Ich erhob mich in den Bügeln, um mich leichter zu machen. Ich klopfte und streichelte den Hals des Pferdes. Es verstand mich. Auch war es durch das Geheul aufgeregt worden und strengte alle seine Kräfte an. Ich gewann an Raum, langsam zwar, aber sicher. Die andern merkten das. Sie schrien und schlugen auf ihre Pferde ein, vergeblich! Ich berechnete das Terrain, benutzte auch den kleinsten Vorteil, um einen Schritt, einen Zoll des Weges zu sparen, und das hatte Erfolg. Die beiden Trupps näherten sich mir mehr und mehr, aber ich kam doch vor und weiter vor. Schon waren die zehn zurück und die vierzig parallel, die doch vorher so weit vor gewesen waren. Ich jubelte, aber nicht laut, sondern im stillen. Der Rancho kam näher; es war, als ob er auf mich zugeschoben werde. Aber die zur linken Hand waren mir jetzt so nahe, daß ich fast die Gesichter unterscheiden konnte. Sie versuchten ihr Heil mit den Wurfkugeln. Vier, fünf, sechs und noch mehr Bolas flogen auf mich zu, doch keine erreichte mich. Und nun war ich ihnen so voran, daß ein Einholen nicht mehr möglich zu sein schien. Ich war gerettet, oder vielmehr, ich glaubte, gerettet zu sein.

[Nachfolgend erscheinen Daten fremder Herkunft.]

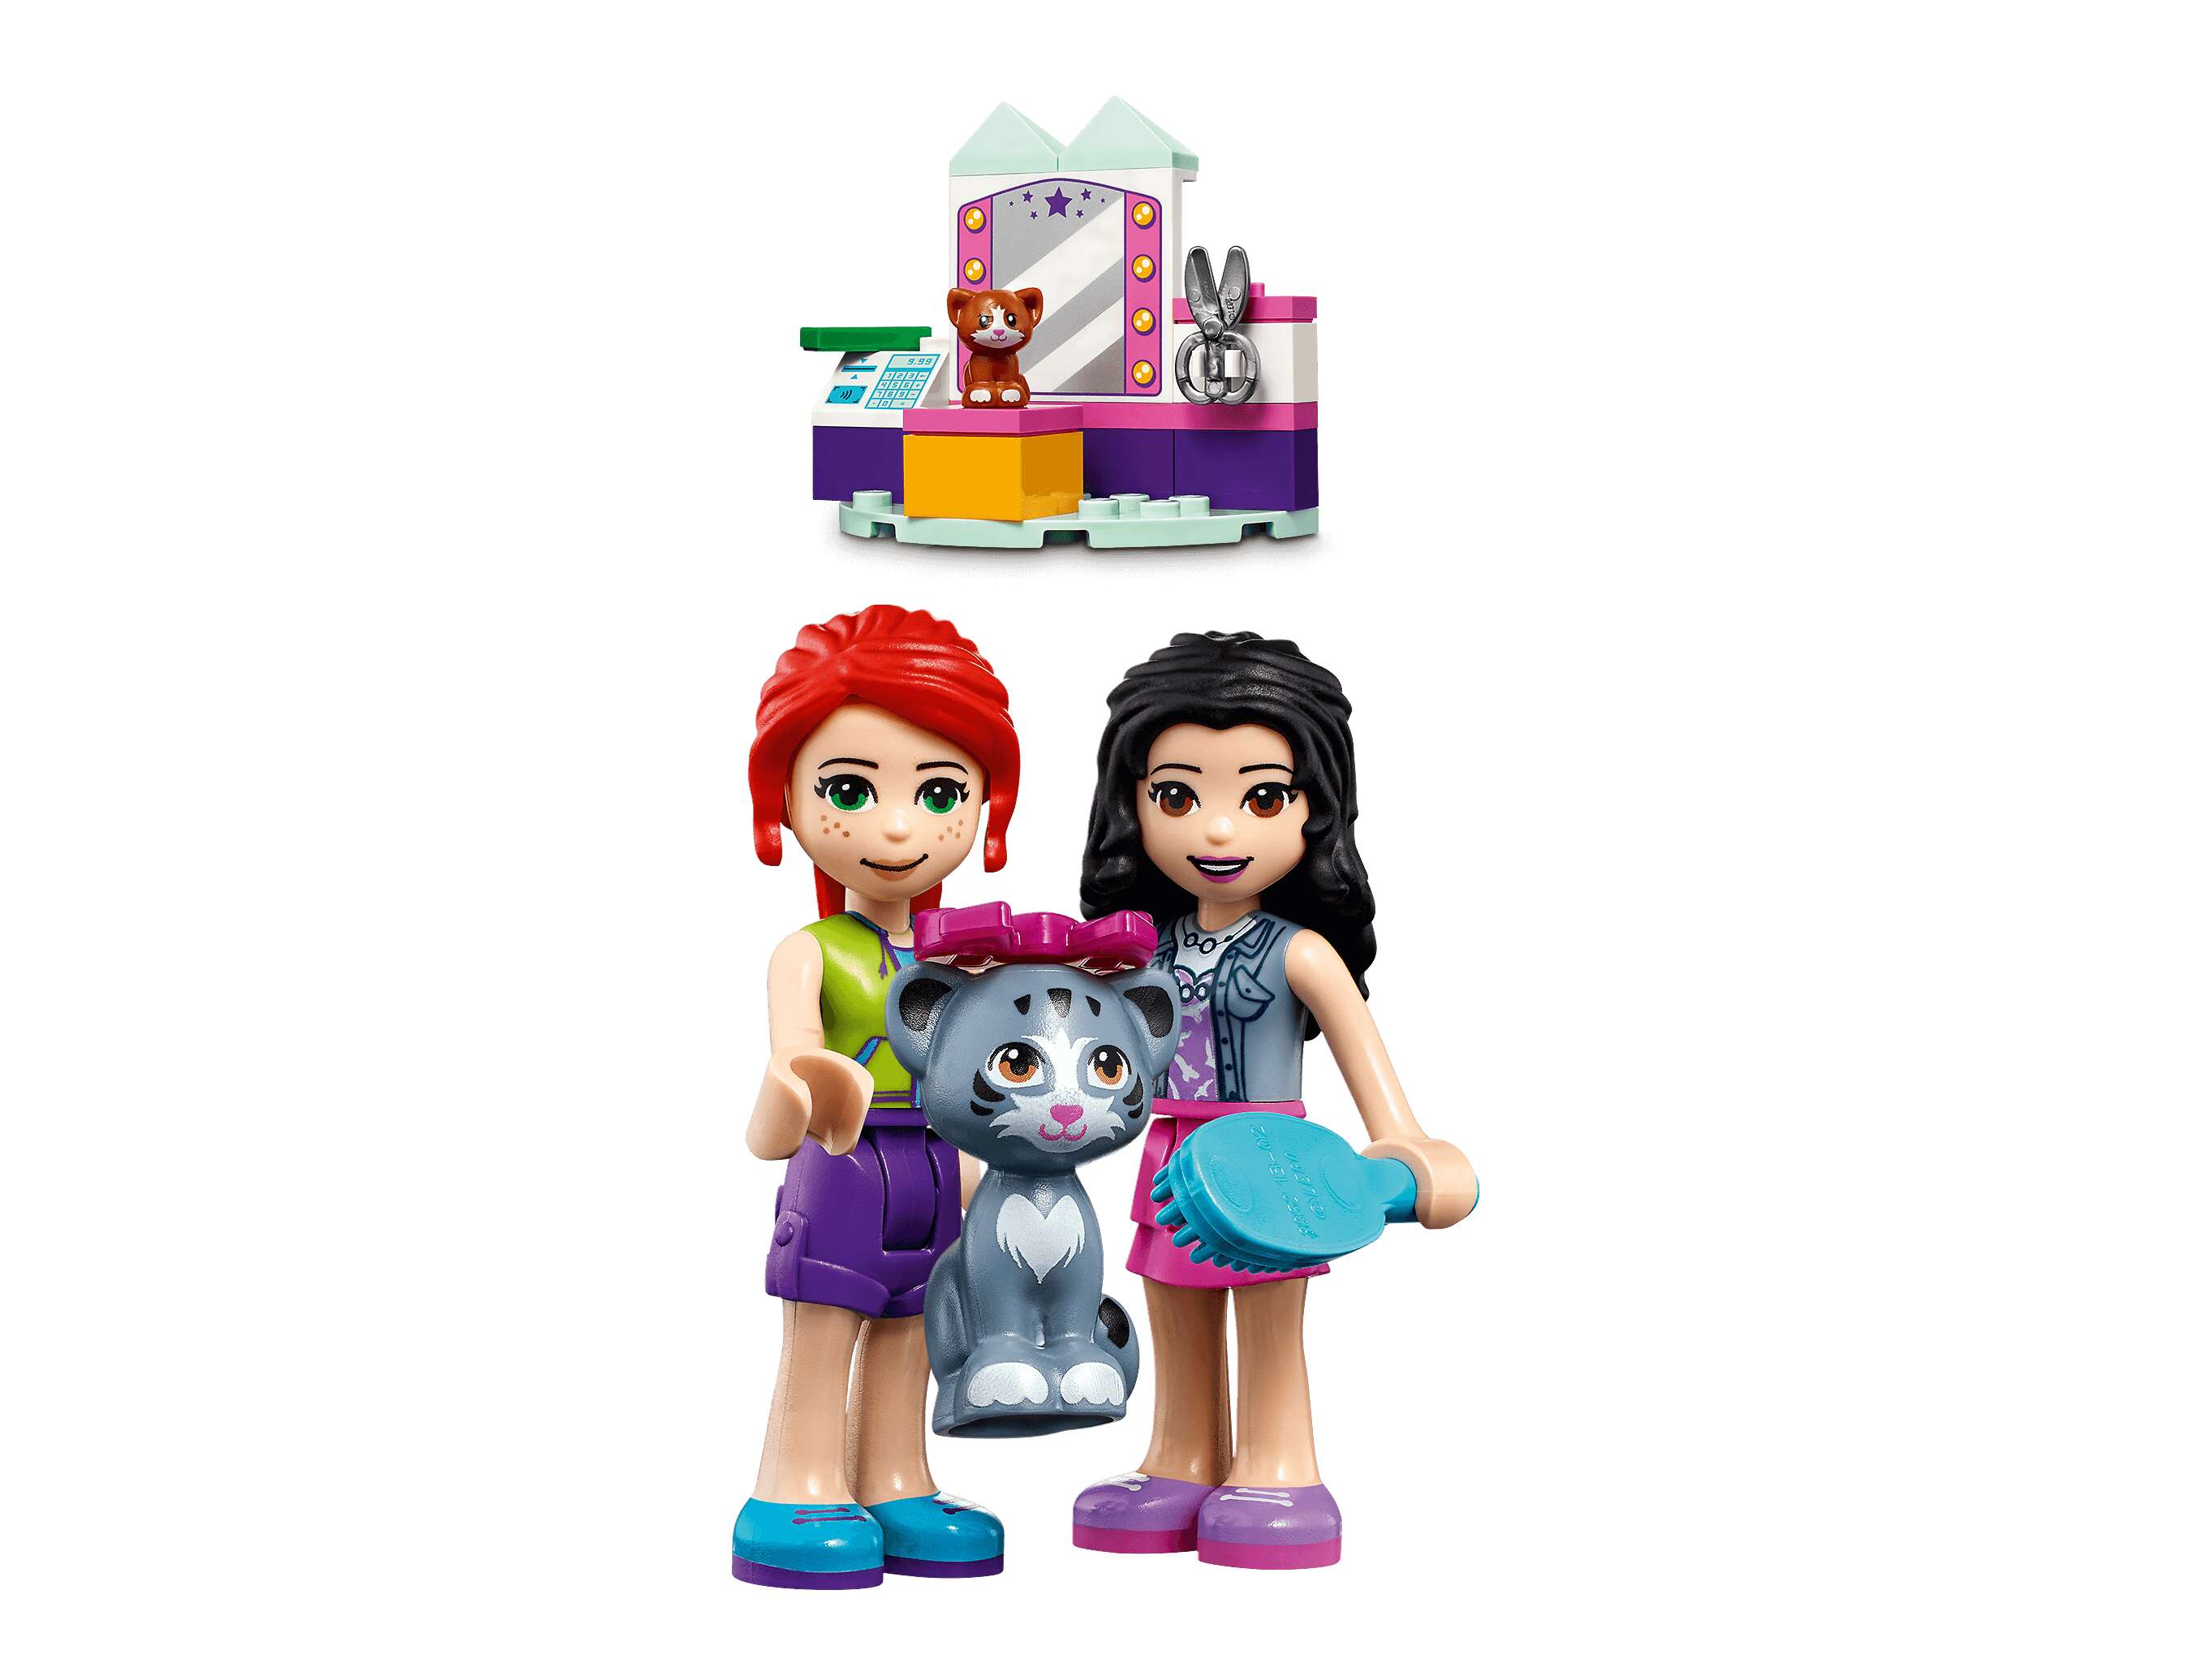 LEGO 41439 Friends Mobiler Katzensalon, 2 Minifiguren, 2 Katzen

Der Rancho war nicht groß. Sein weißes Mauerwerk leuchtete weithin, und schattige Bäume überwölbten sein Dach. Eine dicke, ziemlich hohe Mauer umgab ihn; aber über diese Mauer ragten noch die Spitzen undurchdringlicher Kaktushecken hervor. In der Mauer gab es ein breites Tor. Es war geöffnet worden. Zwei Männer und einige Frauengestalten standen vor demselben. Sie hatten von weitem das Wettrennen, die Menschenjagd, bemerkt und waren herausgekommen, zu sehen, um was es sich handle. Der eine der beiden Männer war wie ein Geistlicher gekleidet. Als mein Brauner heranschoß, um wie ein Wind an dem Tor vorüberzuschießen, trat dieser Mann weiter vor, schlug die Arme aus einander, als ob er das Pferd anhalten wollte:

»Halt! Sie reiten ins Verderben!«

Sollte ein Mann, der diesem Stande angehörte, mich belügen? Gewiß nicht! Ich sah nach rückwärts. Die Verfolger waren so weit hinter mir, daß ich getrost eine halbe Minute opfern konnte. Freilich, anzuhalten vermochte ich das Pferd nicht so schnell; ich lenkte es zur Seite, ritt einen scharfen Bogen, blieb dann vor dem Tor halten und fragte:

»In das Verderben? Wieso?«

»Sie fliehen vor den Leuten dort?«

»Ja.«

»Sind Sie schuldig?«

»Vollständig unschuldig. Ich habe keinem Menschen ein Leid getan. Ich bin ein Fremder, ein ehrlicher Deutscher, welcher noch nicht - -«

»Ein Deutscher?« rief die eine Frau. »Dann herein, herein, Landsmann! Schnell, schnell! Gleich werden die Bolas sausen!«

Wirklich fiel eine nach mir geworfene Bola kaum zwanzig Schritte vor mir nieder und überschlug sich einigemale auf der Erde. Ich drückte dem Pferde die Fersen in die Weichen, daß es mit einem Satze durch das Tor in den Hof flog. Männer und Frauen warfen die Torflügel zu. Zwei starke Riegelbalken wurden vorgeschoben.